Work request: In the entries below, find the line containing "a man looks" and the line containing "The Japanese Style Room". Copy those two lines and everything between them exactly, without the pictures.

Available data:

=== Begin Enclosure ===

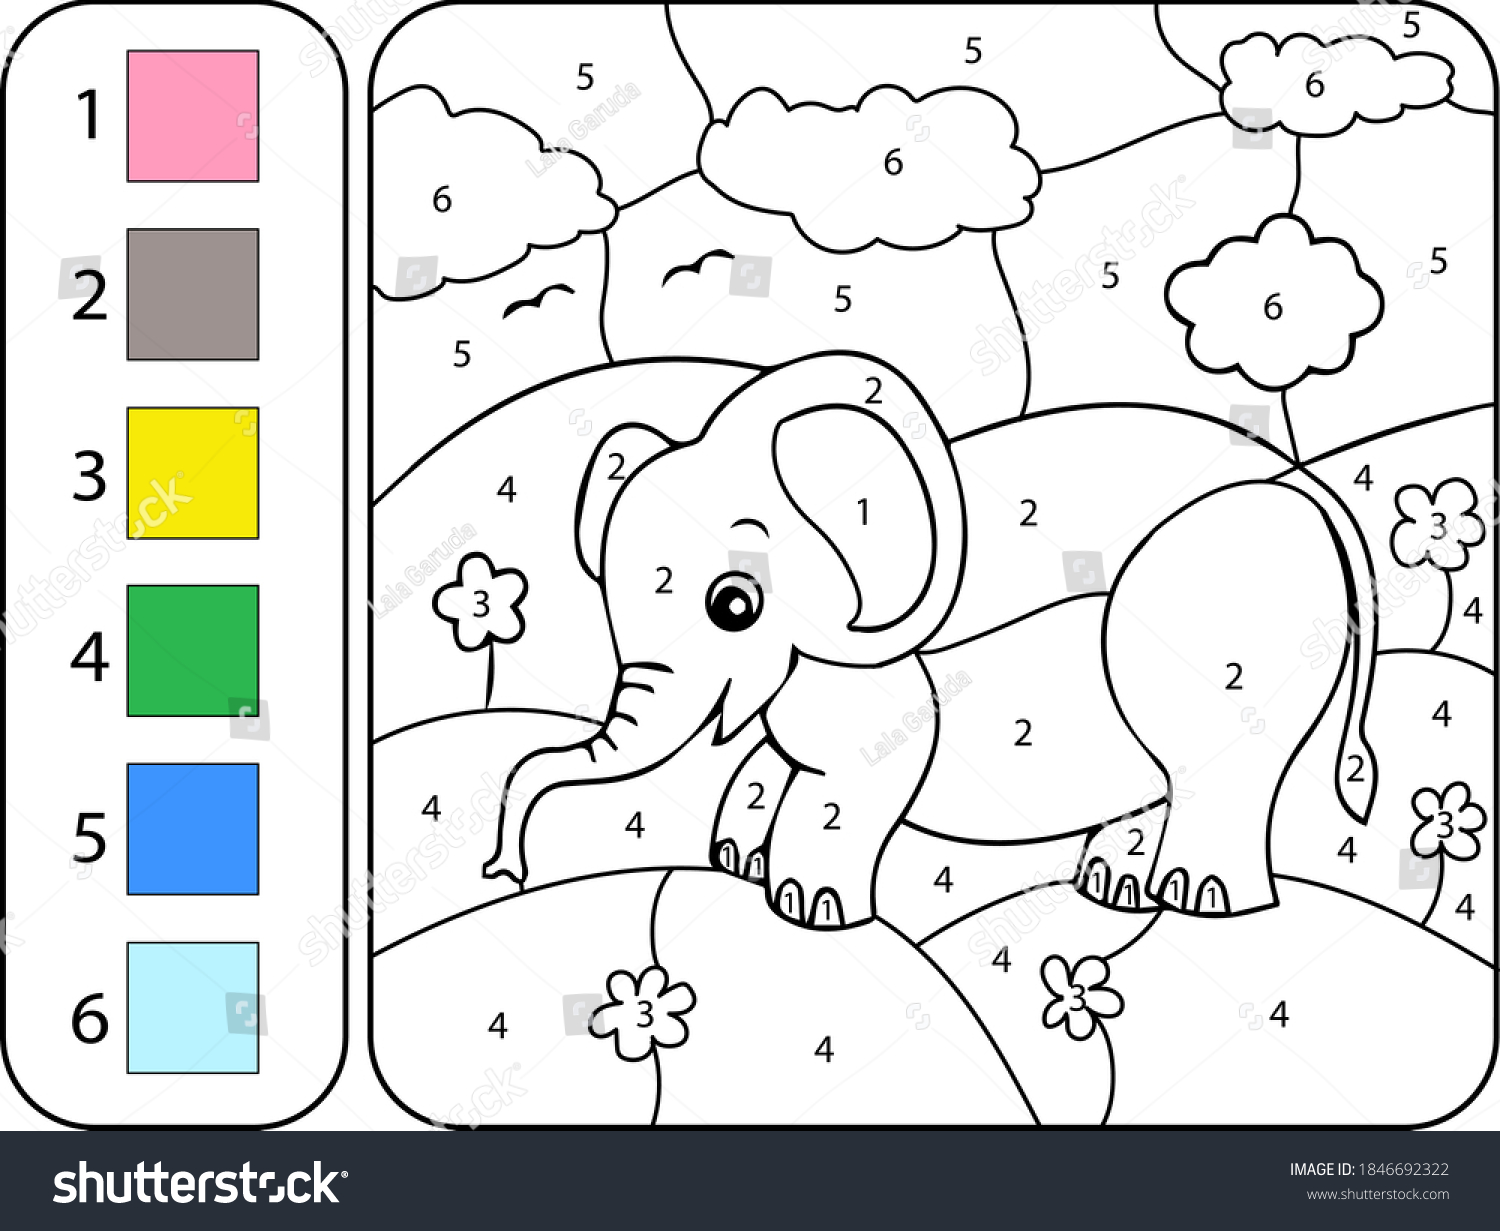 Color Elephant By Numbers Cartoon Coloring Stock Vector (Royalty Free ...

=== End Enclosure ===
=== Begin Enclosure ===

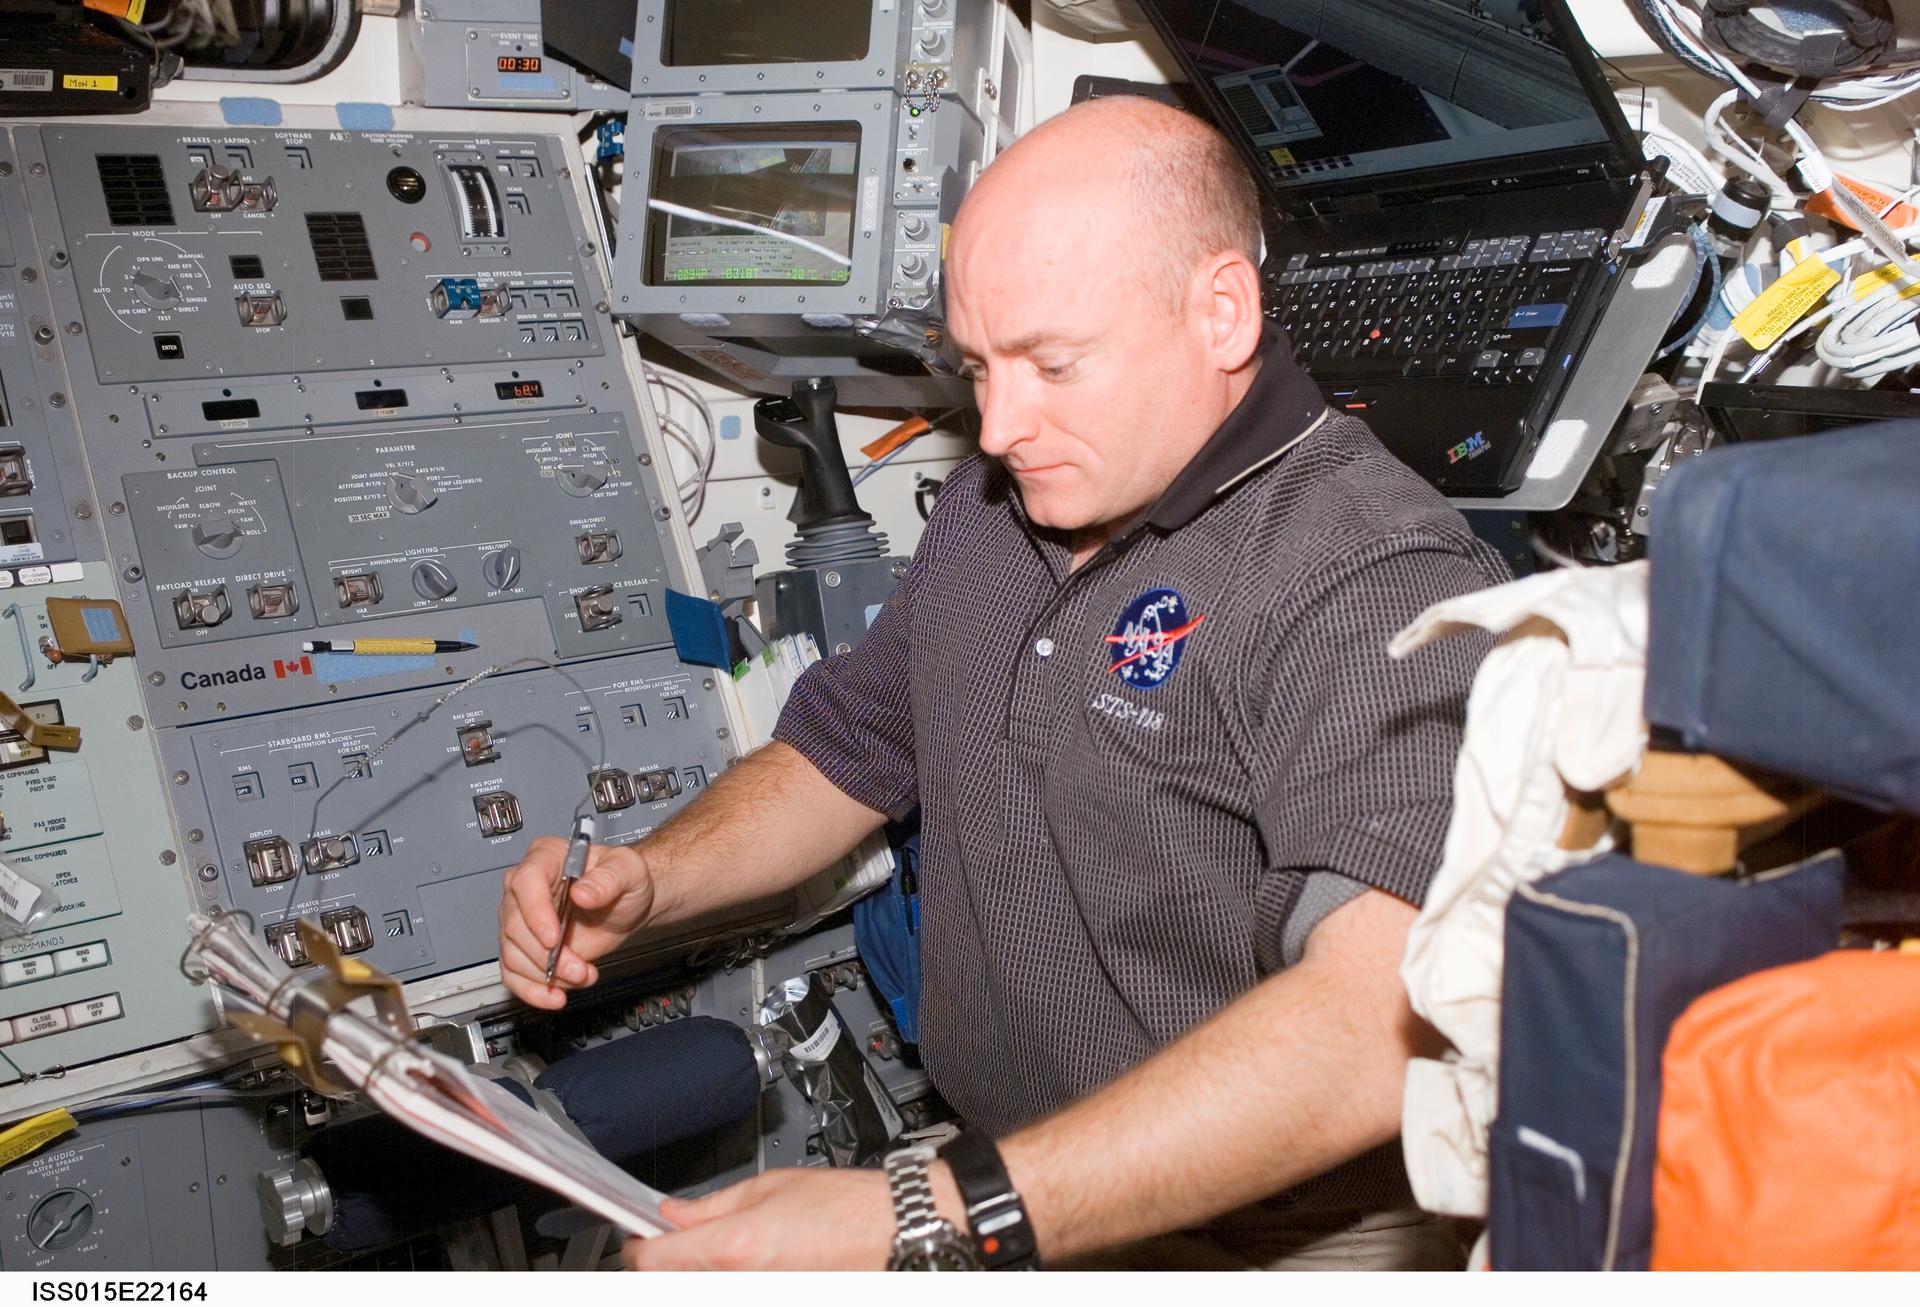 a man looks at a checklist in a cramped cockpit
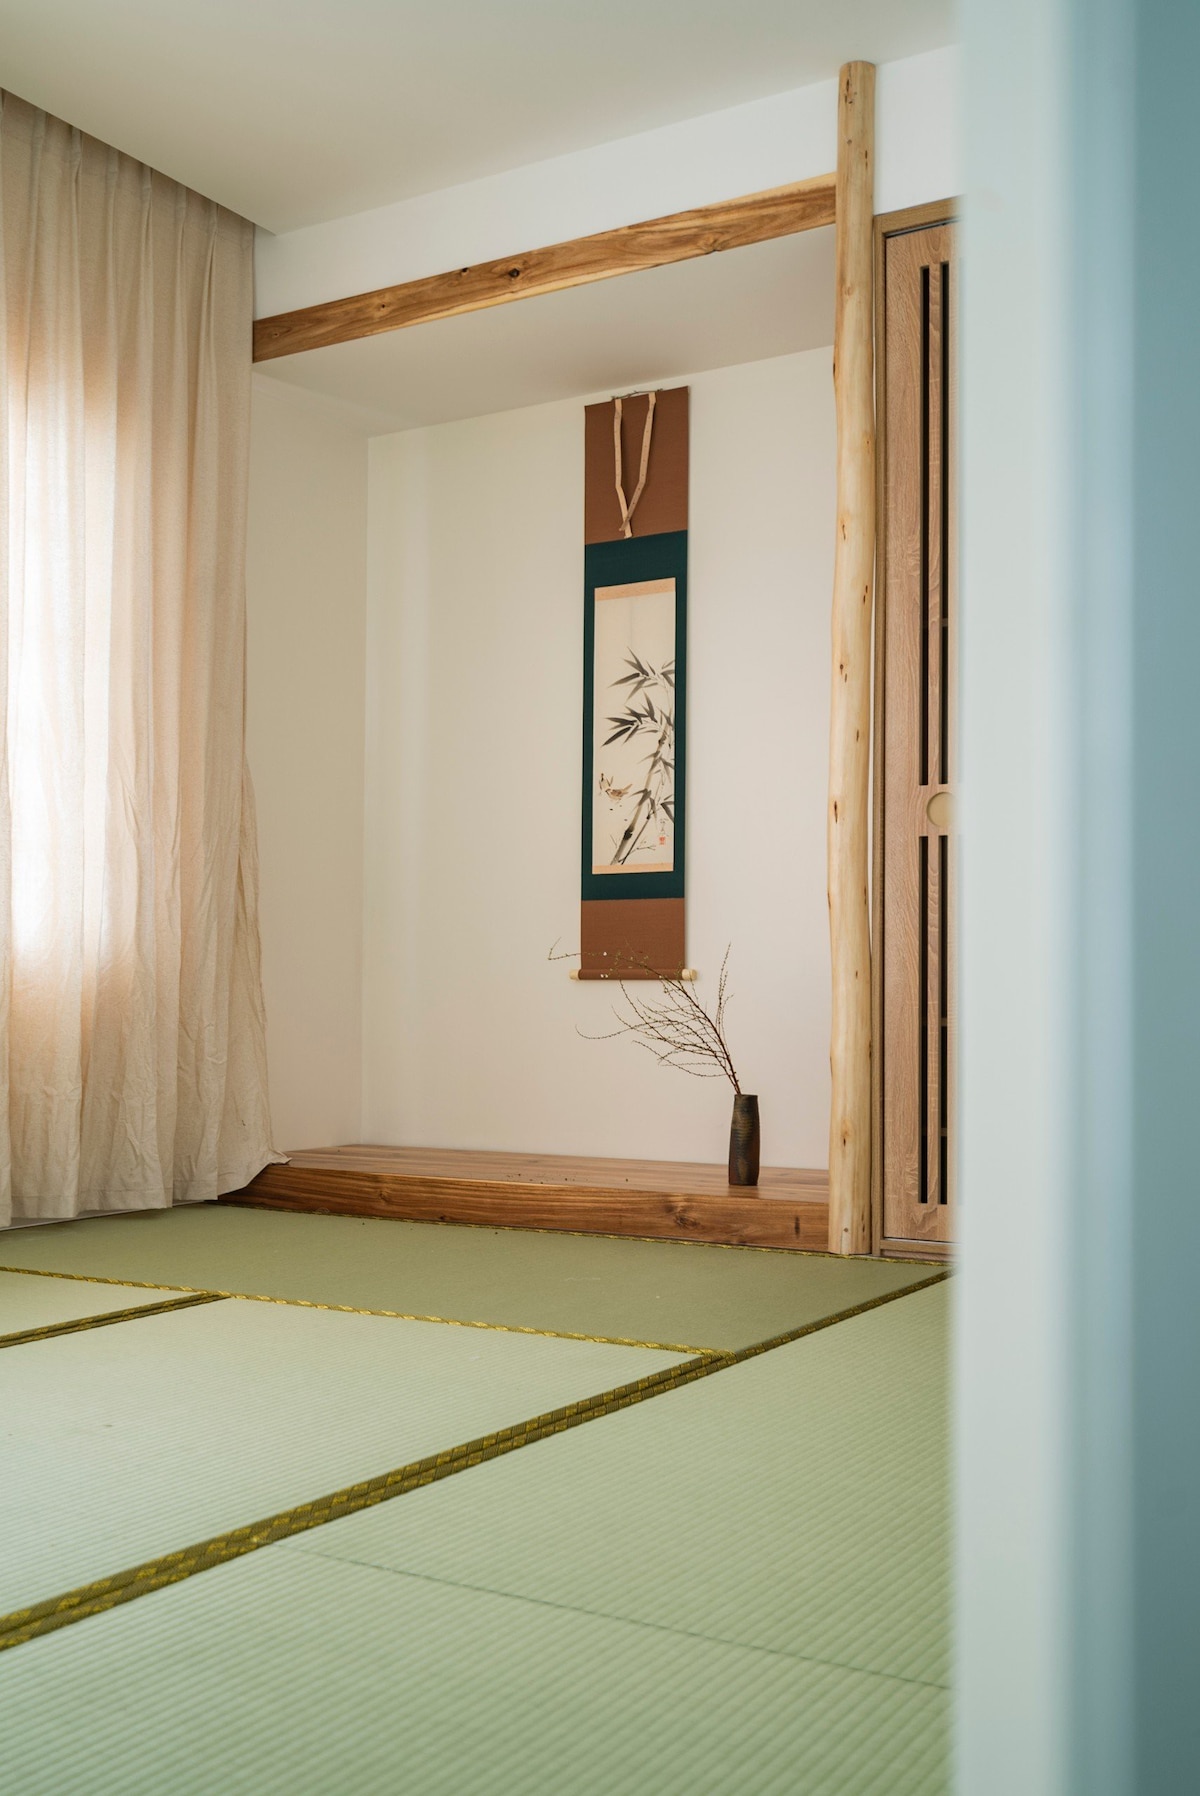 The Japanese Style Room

=== End Enclosure ===

Result of the exercise:
 a man looks at a checklist in a cramped cockpit
 The Japanese Style Room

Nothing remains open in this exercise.